Research Article: The Protein Structure Context of PolyQ Regions

Date Published: January 26, 2017

Publisher: Public Library of Science

Author(s): Franziska Totzeck, Miguel A. Andrade-Navarro, Pablo Mier, Patrick van der Wel.


Proteins containing glutamine repeats (polyQ) are known to be structurally unstable. Abnormal expansion of polyQ in some proteins exceeding a certain threshold leads to neurodegenerative disease, a symptom of which are protein aggregates. This has led to extensive research of the structure of polyQ stretches. However, the accumulation of contradictory results suggests that protein context might be of importance. Here we aimed to evaluate the structural context of polyQ regions in proteins by analysing the secondary structure of polyQ proteins and their homologs. The results revealed that the secondary structure in polyQ vicinity is predominantly random coil or helix. Importantly, the regions surrounding the polyQ are often not solved in 3D structures. In the few cases where the point of insertion of the polyQ was mapped to a full protein, we observed that these are always located in the surface of the protein. The findings support the hypothesis that polyQ might serve to extend coiled coils at their C-terminus in highly disordered regions involved in protein-protein interactions.

Partial Text

Homopeptide repeats are consecutive stretches of the same amino acid in protein sequences. They are surprisingly common in proteins, and it has been suggested that they form unstructured stretches within a protein and may serve a function in protein-protein interaction (PPI) [1, 2]. Polyglutamine (polyQ) in particular is one of the most common homopeptide repeats in eukaryotic proteomes [1, 3]. It can be found in a variety of protein families which do not appear to be related [4].

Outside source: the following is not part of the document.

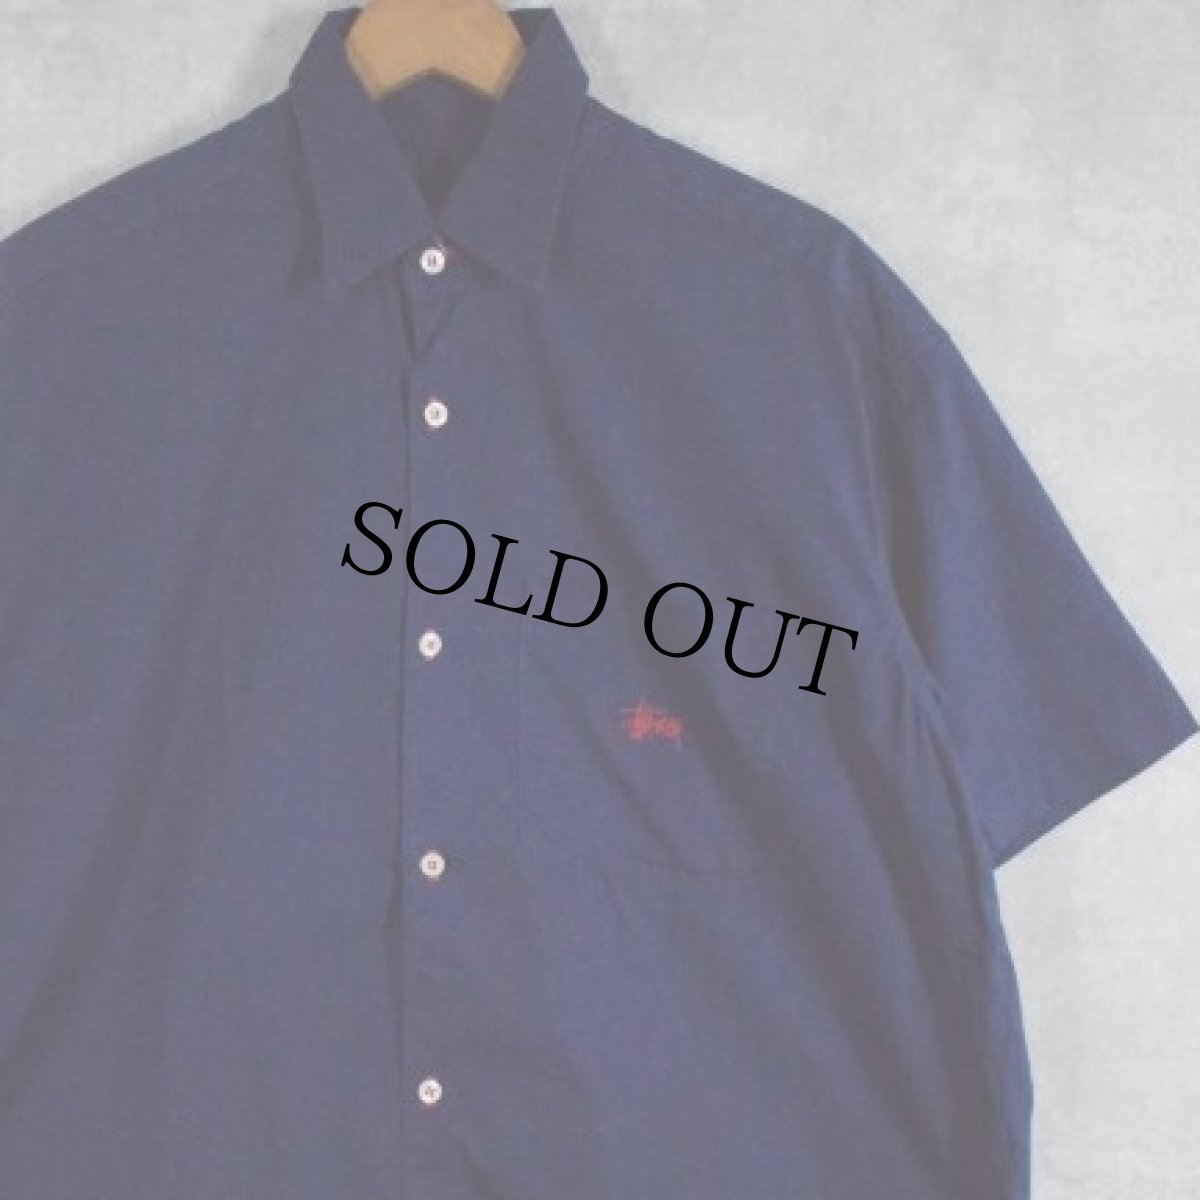 画像1: 90's STUSSY USA製 ロゴ刺繍 コットンシャツ M (1)

A set of 178 clusters, consisting of polyQ proteins and their homologs (at least a 53% identity between proteins in a cluster, see Methods for details), was analysed for secondary structure context in the vicinity of polyQ regions. Homologs were taken into account in order to increase the amount of secondary structure information, which was categorised into helix, sheet or random coil. The clusters in the dataset were of varying size, from one to 243 proteins. A total of 282 proteins out of the 926 in the dataset contain a polyQ with at least eight glutamines per ten amino acids (an 8/10 polyQ). Most of them only contain one polyQ, but there are a few that contain a higher number, up to six.

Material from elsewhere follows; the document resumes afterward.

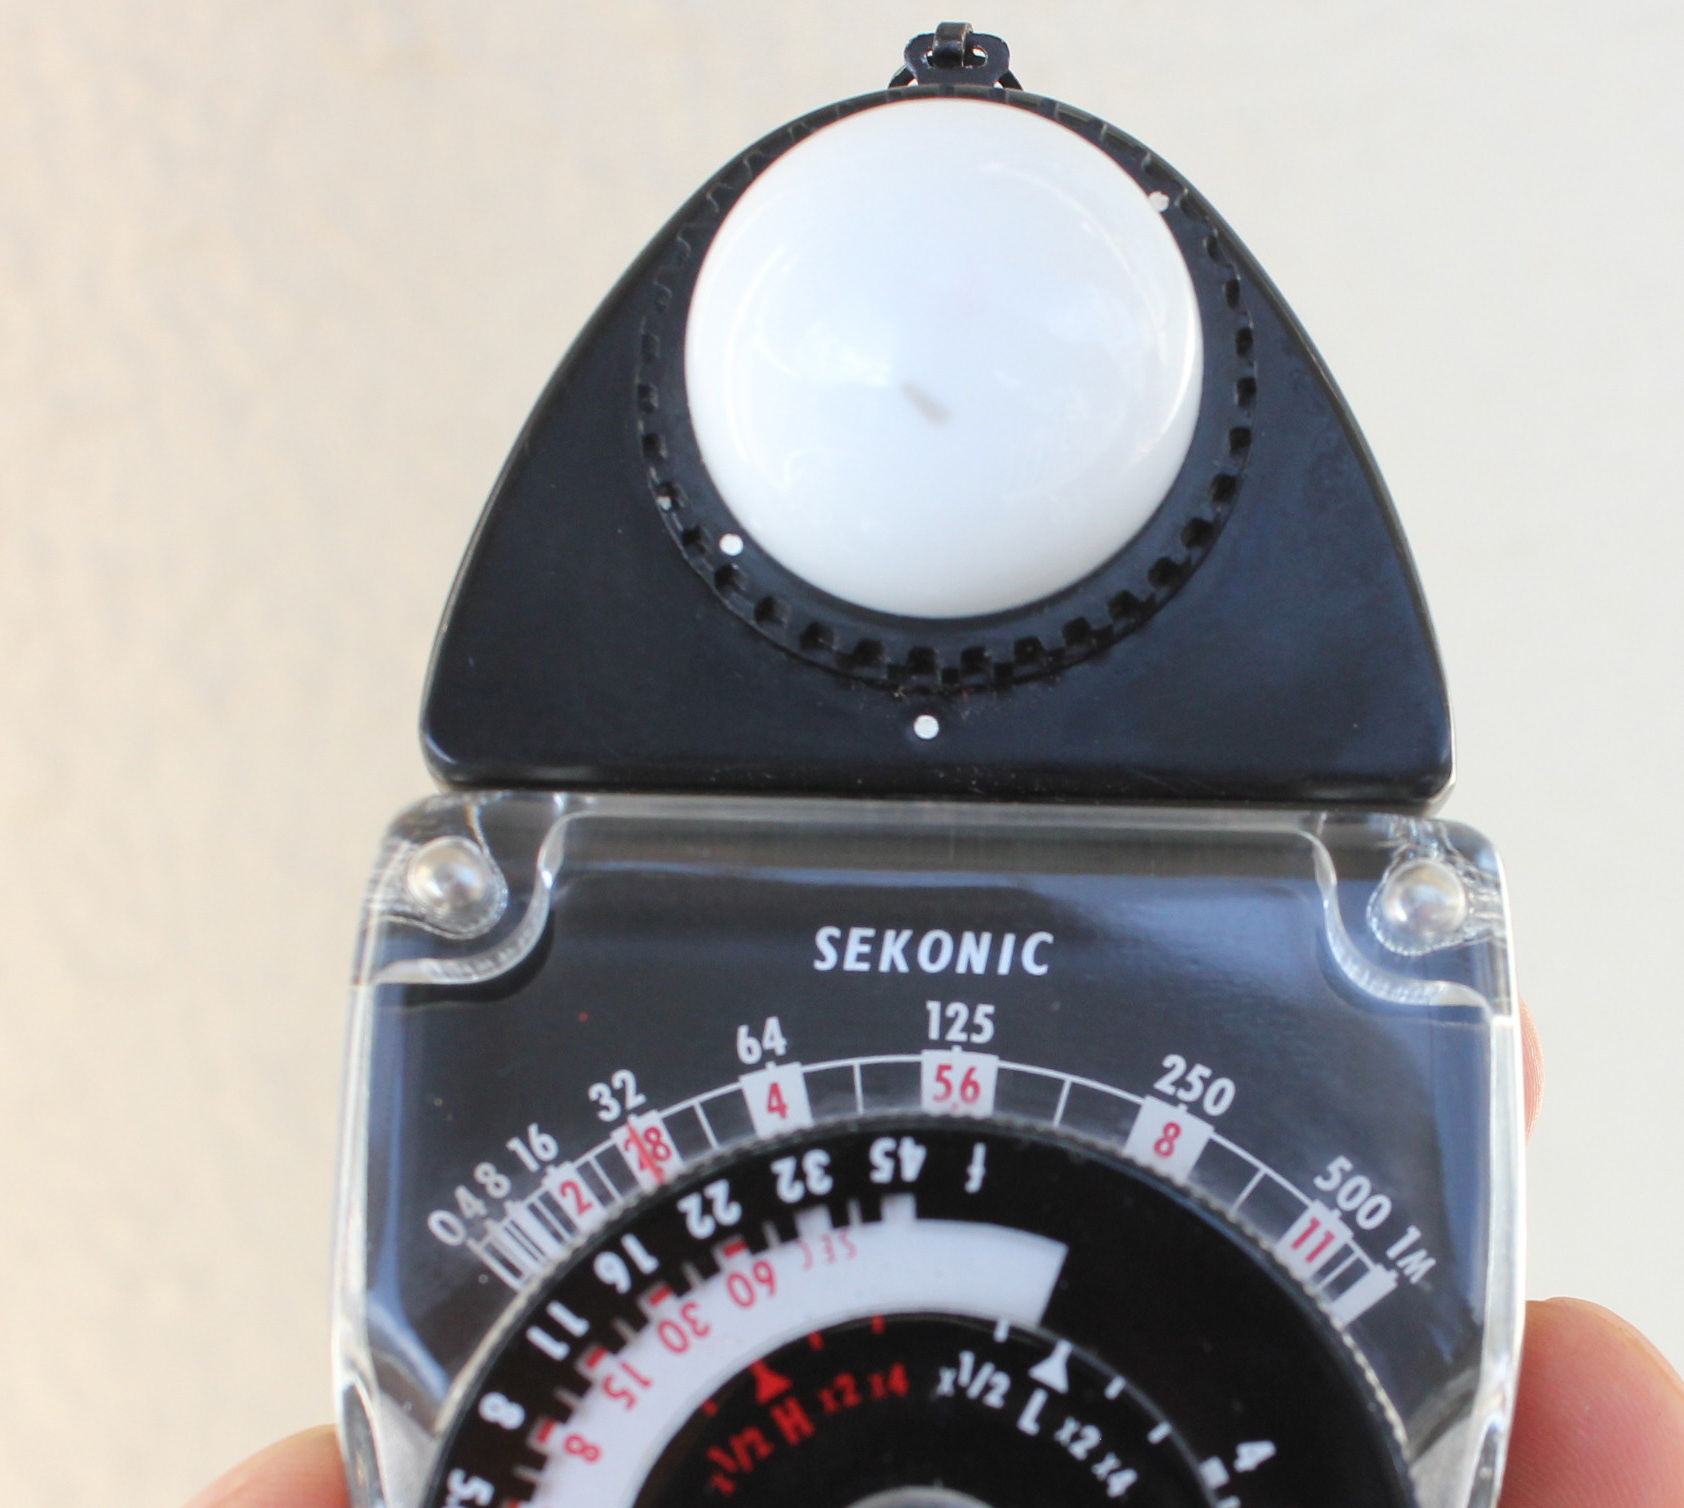  Sekonic Studio Deluxe L-28c Light Exposure Meter from Japan Photo 6

We previously reported the co-occurrence of coiled coils and polyQ by sequence analysis of proteins containing polyQ [5]. There, these findings were complemented with the analysis of the protein interaction networks surrounding polyQ proteins (e.g. finding that polyQ proteins tend to interact with other polyQ proteins). Here, we used a different set of sequences, which for the most part consists of proteins of known 3D structure without polyQ but homologous to polyQ proteins. This allowed us to have a focus on the study of the structure surrounding polyQ while at the same time avoiding the problem of lack of 3D structures of polyQ regions.